Thursday, July 24, 2014

The Essential Art of Saying "No" and How You Can Get Better At It





To live a healthy life we need the ability to say both “yes” and “no”. A healthy life doesn’t say yes to everything it is asked and it doesn’t say “no” all of the time either. To feel truly satisfied and fulfilled in life, you have to be in charge of your yes’s and no’s.  In other words, the more often you are able to say “yes” to something simply because you want to, and feel it’s the best course of action for you, the happier you will be. The same goes for saying “no”.  If you don’t feel free to say “no” at times in your relationships, then those relationships are not healthy.

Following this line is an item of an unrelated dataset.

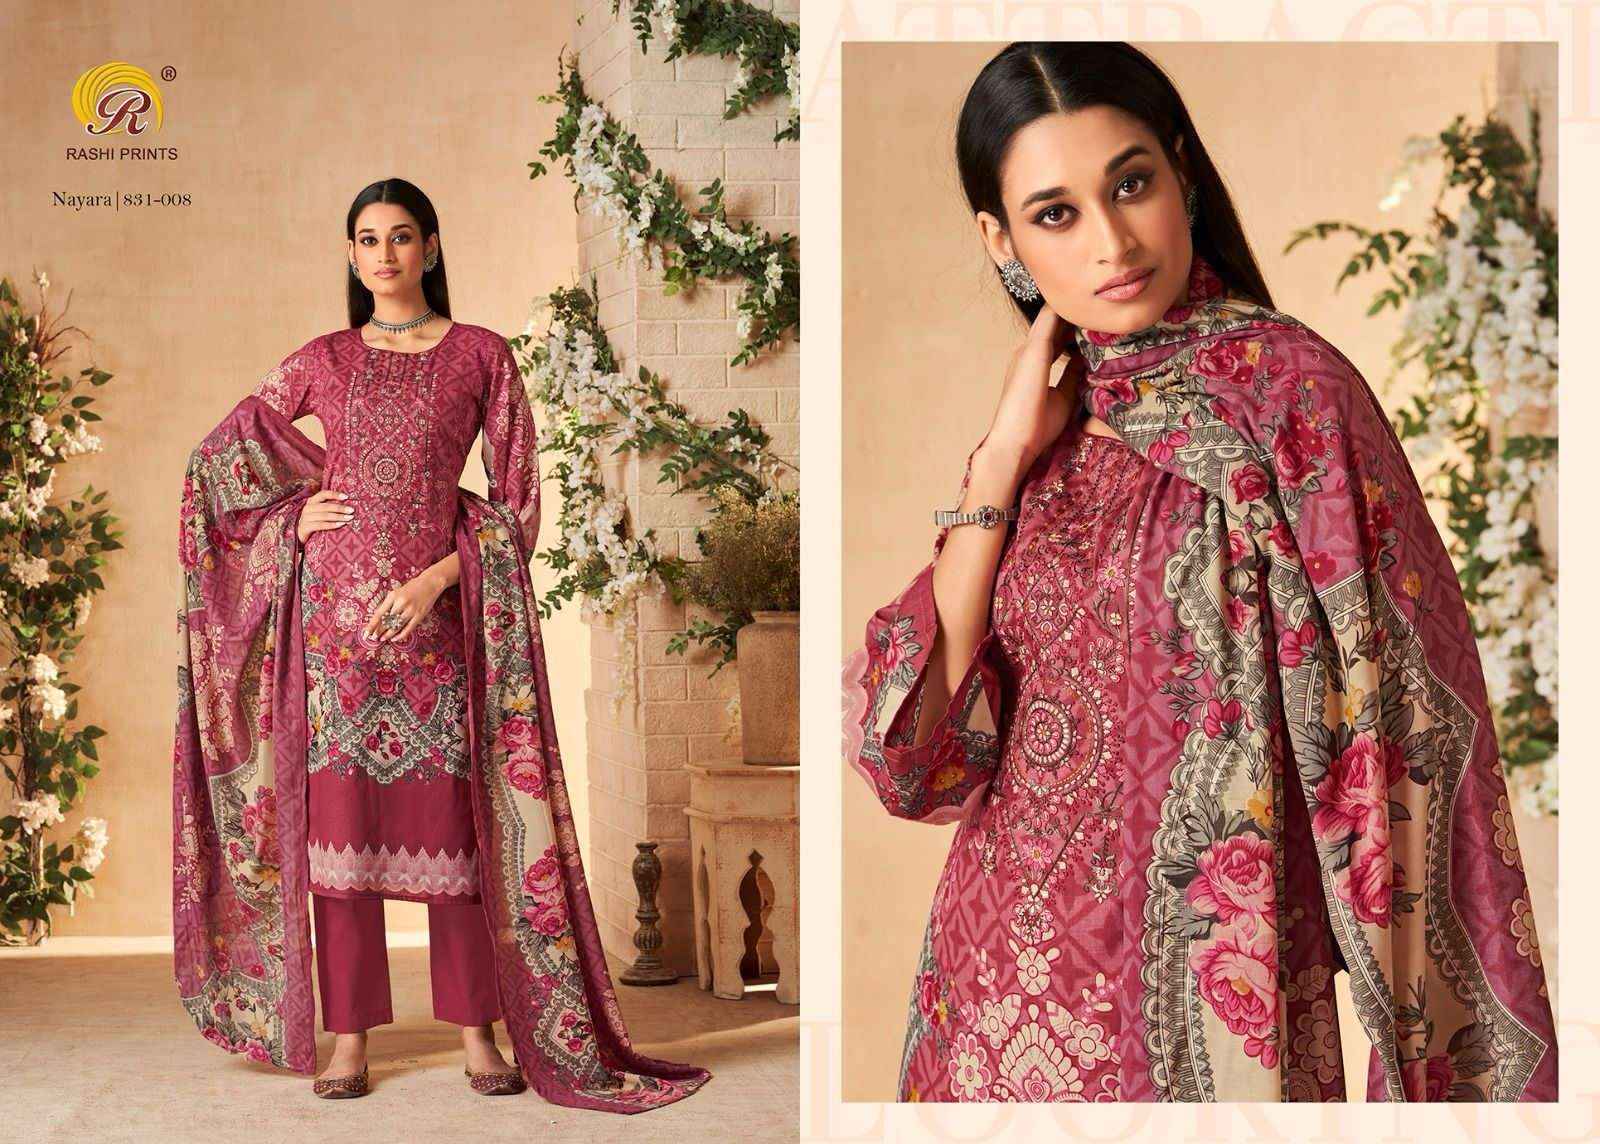 Rashi Prints Nayara Vol 31 Cambric Cotton Dress Material 8 pcs Catalogue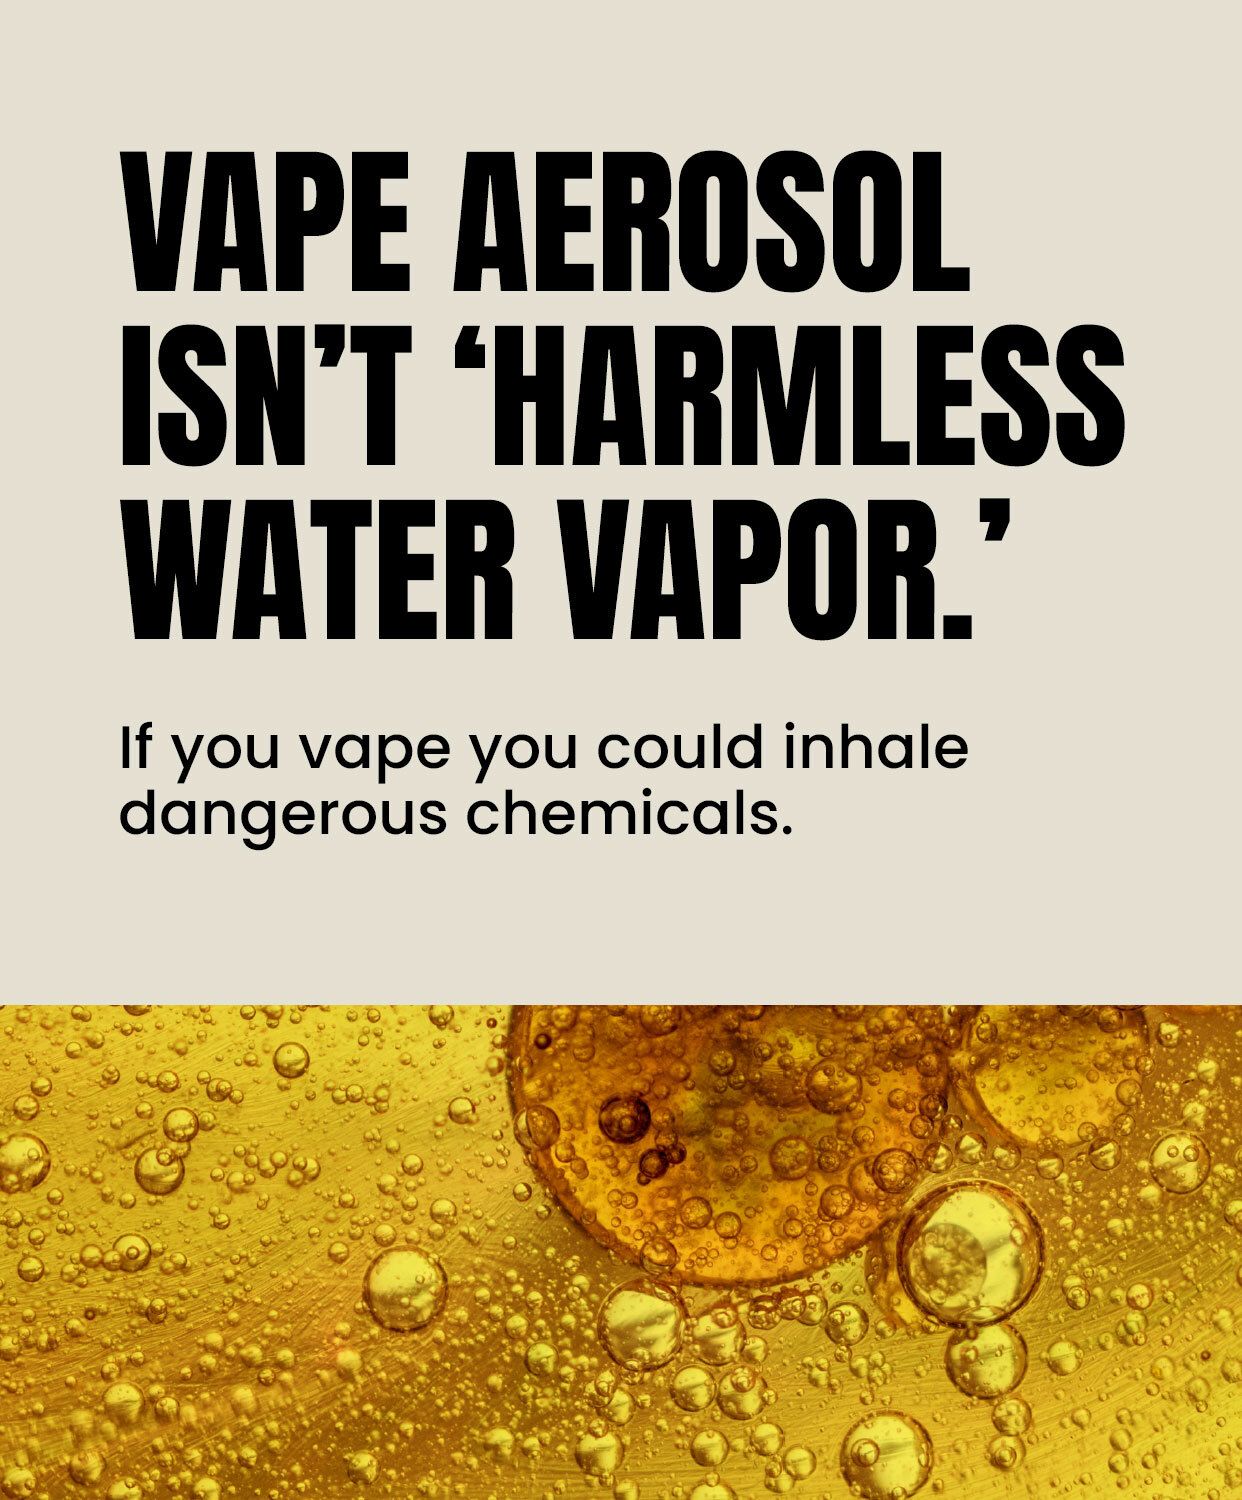 Vape aerosol isn’t ‘harmless water vapor.’ If you vape you could inhale dangerous chemicals.

This seems simple enough, but life is rarely simply. The complication comes with the fact that the people in your life don’t like to hear the word “no”. Some may get angry, some may give you the silent treatment, others may cry (usually those under age 5), and they all want you to give in and change your answer. Saying “no” and then sticking to our boundaries is a critical skill to have at work, church, and home. Are you having trouble saying “no” and sticking to it? Here are some possible reasons why….



You Are Saying No, But Explaining….

Your job isn’t to convince people in your life that you correct and justified when you decide to say no, it’s to simply communicate, “no”. If you need people to understand and buy into your decisions all of the time, then you are in trouble! A lot of times people won’t understand (everyone has blind spots), and many times they just won’t care!  You don’t have to explain yourself every time you make a decision. It’s your life, your time, and your energy, and you get to spend it however you choose.  Also, if someone is wanting to manipulate you into doing what they want, they will love your long explanations, because it gives them the time and opportunitiy to wear you down to get you to give in. It’s not rude to just say “no” and go about your business.


You Are Saying No, But Apologizing For It….

It’s not bad to say “no”. You don’t have to feel guilty when you can’t or won't give what someone is asking of you. It’s ok to disagree with what others may be saying or asking, and go your own way. If you apologize every time you say “no”, people will begin to assume that you are wrong, and will press you even more forcefully. The only healthy time to apologize is when you have done something wrong! Throwing out apologies all of the time is dishonest. If you are like me, you will mess up plenty in life, save your apologies for those times when you have actually done or said something wrong!


You Are Not Saying No At All….

Every skilled manipulator is looking for someone to run over. Don’t be that person for them! Your opinion matters, and your personal boundaries matter.  Standing up for yourself sometimes and saying “no” reminds people that you are a person worthy of respect. You matter and your thoughts matter, so don’t just go along with everyone else all of the time!



Saying “no” isn’t easy, but it’s a crucial part of a healthy life. I hope you will find the courage to practice your “no”, and that in doing so, you will be reminded of your value in the relationships in your life!